First, being called a groundhog is a very nice description for something that is scientifically known as a marmota monax, or in more common terms a woodchuck (yes of the “how much wood can a woodchuck chuck if a woodchuck could chuck wood fame”.) Kin to the Southern squirrel which is often called a tree rat. Rodents one and all.
Forget the fact that Phil is actually a rodent, and that he lives in a tree stump, Phil and I have a lot in common. There has been only one Phil since this craziness began. There is only one me. I have proof of this fact from the internet and my friends.
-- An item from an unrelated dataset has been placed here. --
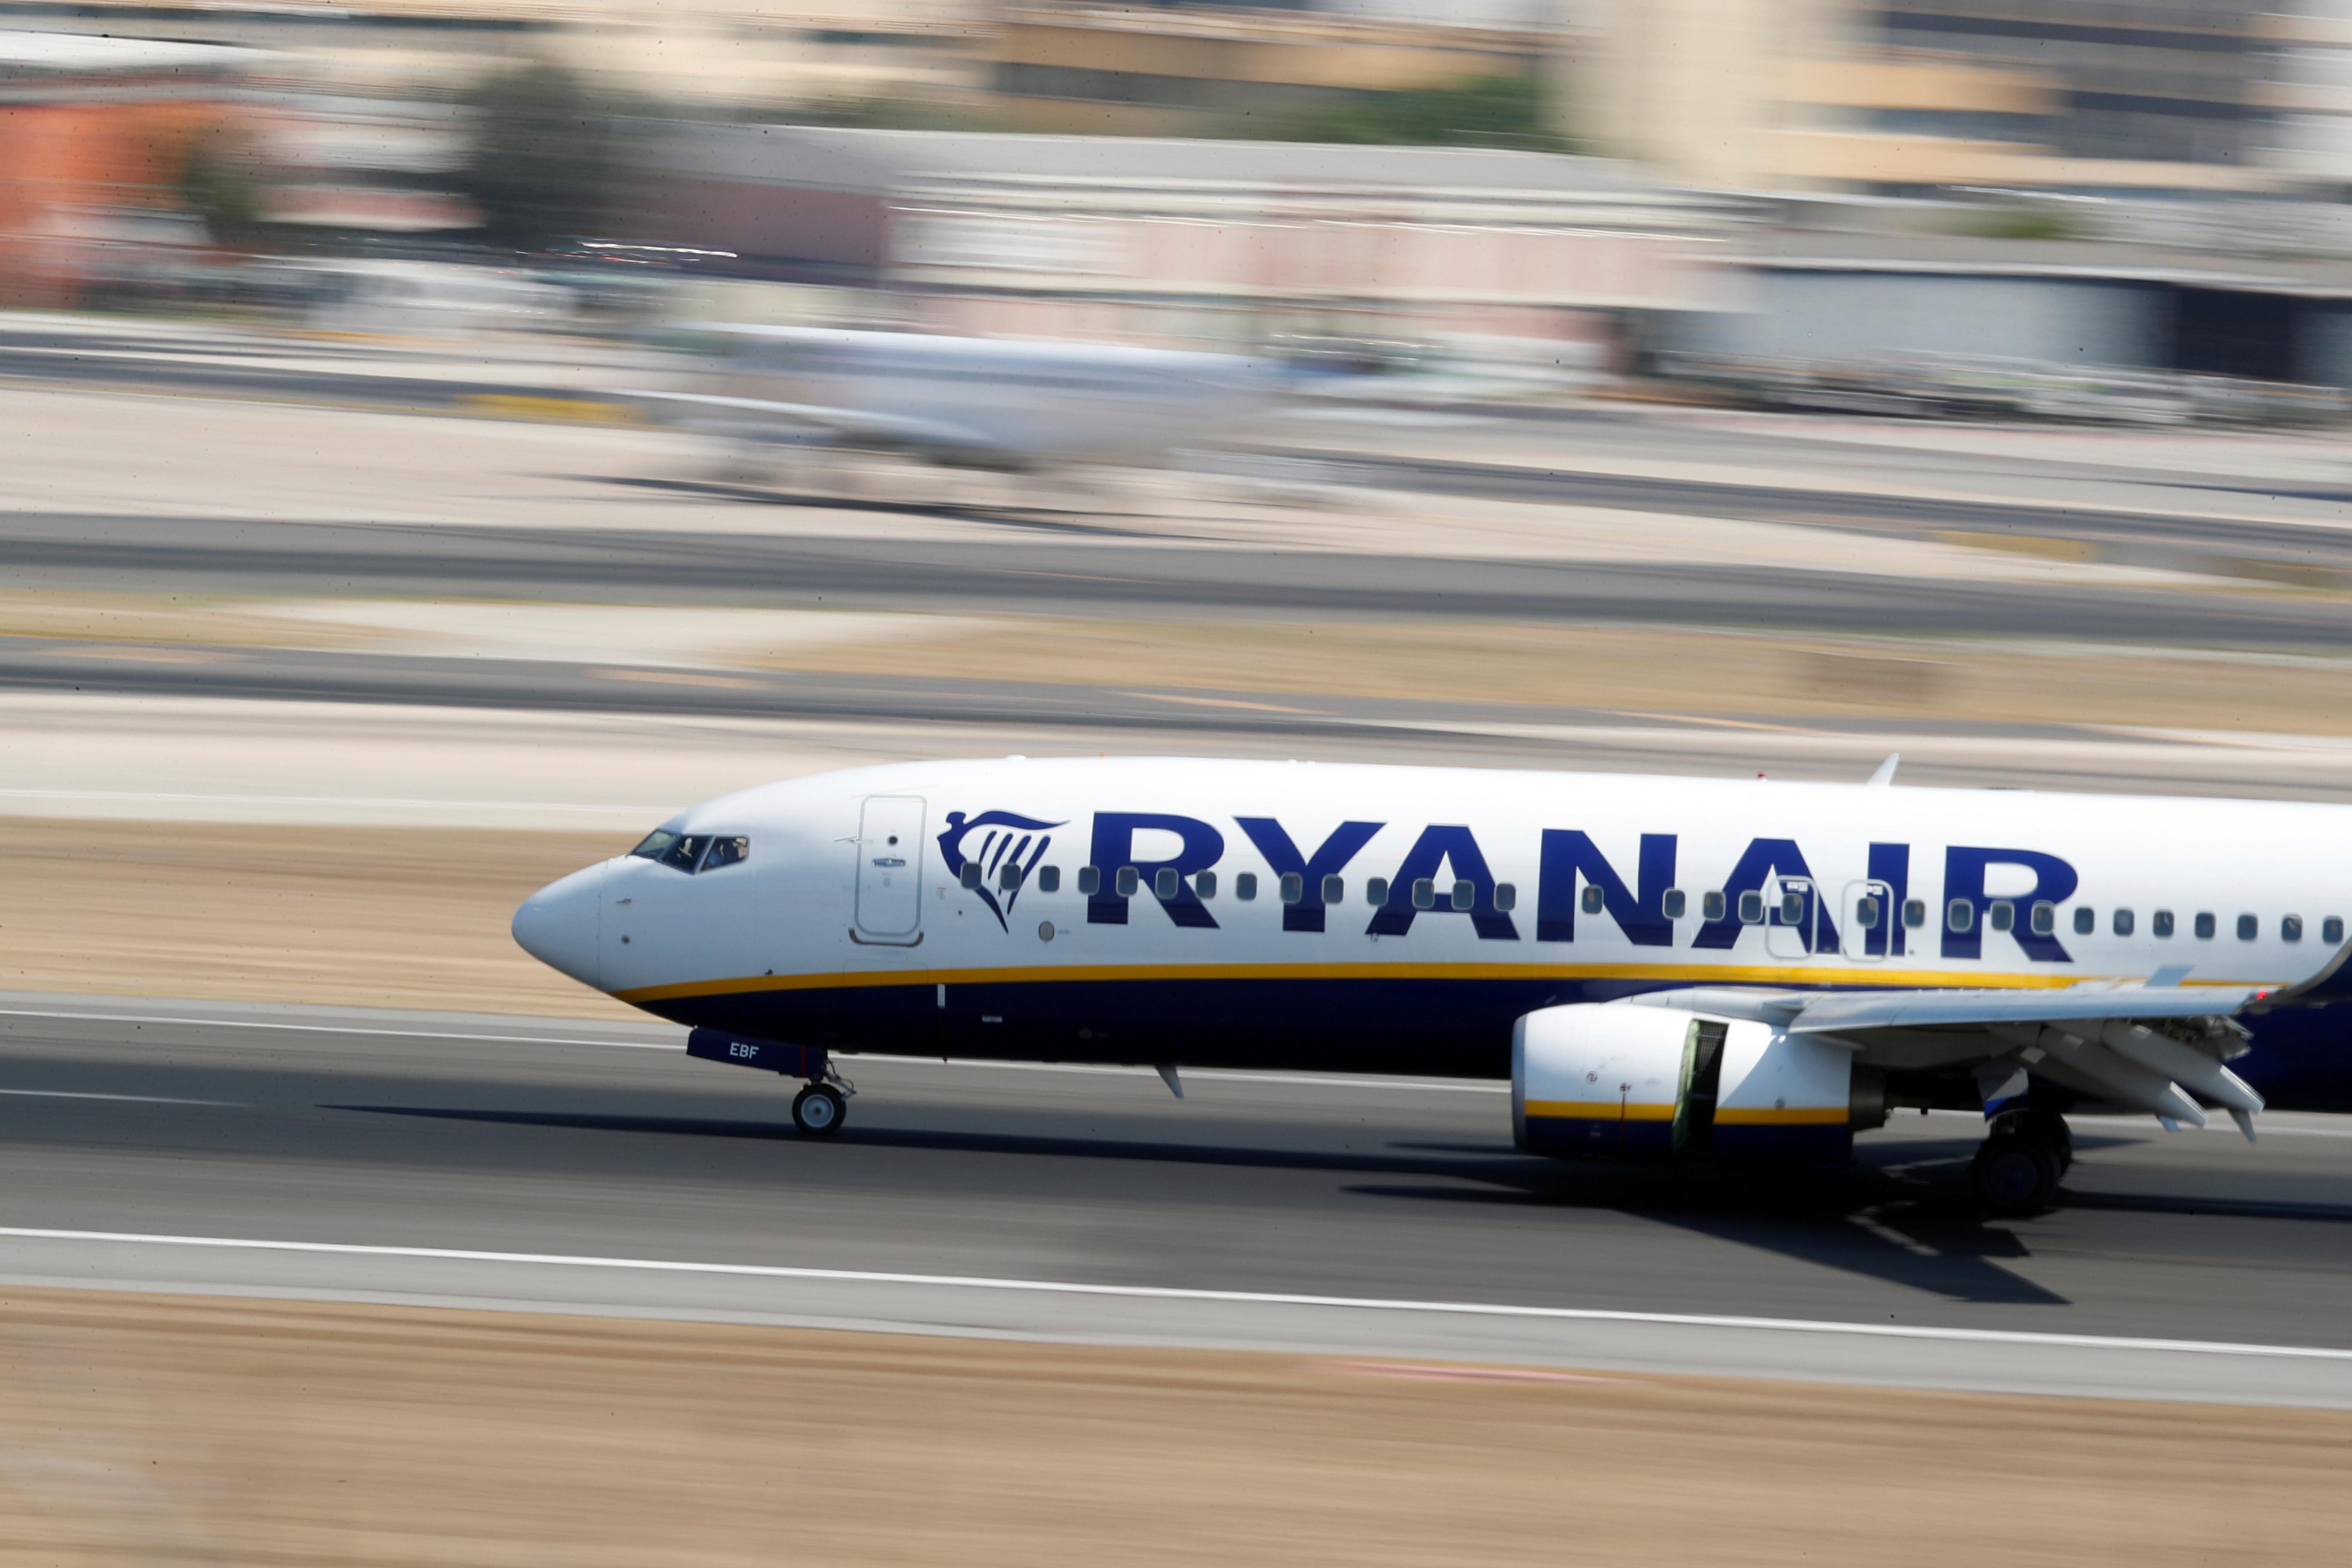 ryanair-en-benefice-superieur-aux-attentes-mais-exposee-aux-aleas-du-boeing-737-max

Phil runs from his shadow. Until I am able to lose about ¼ of my volume, I too will continue to run from my shadow. I am on the lookout for a shadow about the size of Carrie Underwood, so if you spot one no one is using, let me know. I have dibs on it.
Phil is an early riser. Just look at all the people who come to see him at 2 a.m. every February 2nd. I too am an early riser. Not because people come to see me, but rather because I need time to paint my face or my shadow would be the one running in fear.
Phil lives in a wooden stump. I live in a house made of wood.
People are always mispronouncing part of his name. Punxatawny is often pronounced and written without the “n”. I can’t tell you the ways Argersinger has been mangled both verbally and in written format.
Phil has a fur coat, though its beauty is in the eye of the female type Phil. I would love to have a fur coat, beauty is not optional and must be beautiful in the eyes of me.
Phil has one day each year that is totally his, his claim to fame day. I have one, my birthday, if anyone remembers it. No claim to fame, but mine just the same.
Phil gets blamed for some bad stuff that happens between February 2nd each year and whenever winter leaves. Not only that, he also gets blamed for good stuff not happening. I get blamed for stuff all the time. No particular time of year needed.
Phil may not be able to predict good things, like the end of winter. I am unable to predict anything, including where I might end up when I travel to new places. Phil’s predictions of bad things to come are legendary. I gave up predicting and just expect similar outcomes.
So, on this February 2nd of whatever year it is, let’s celebrate Phil. Let’s also celebrate me. Chocolate, wine and money will do instead of decorations, letters and cards.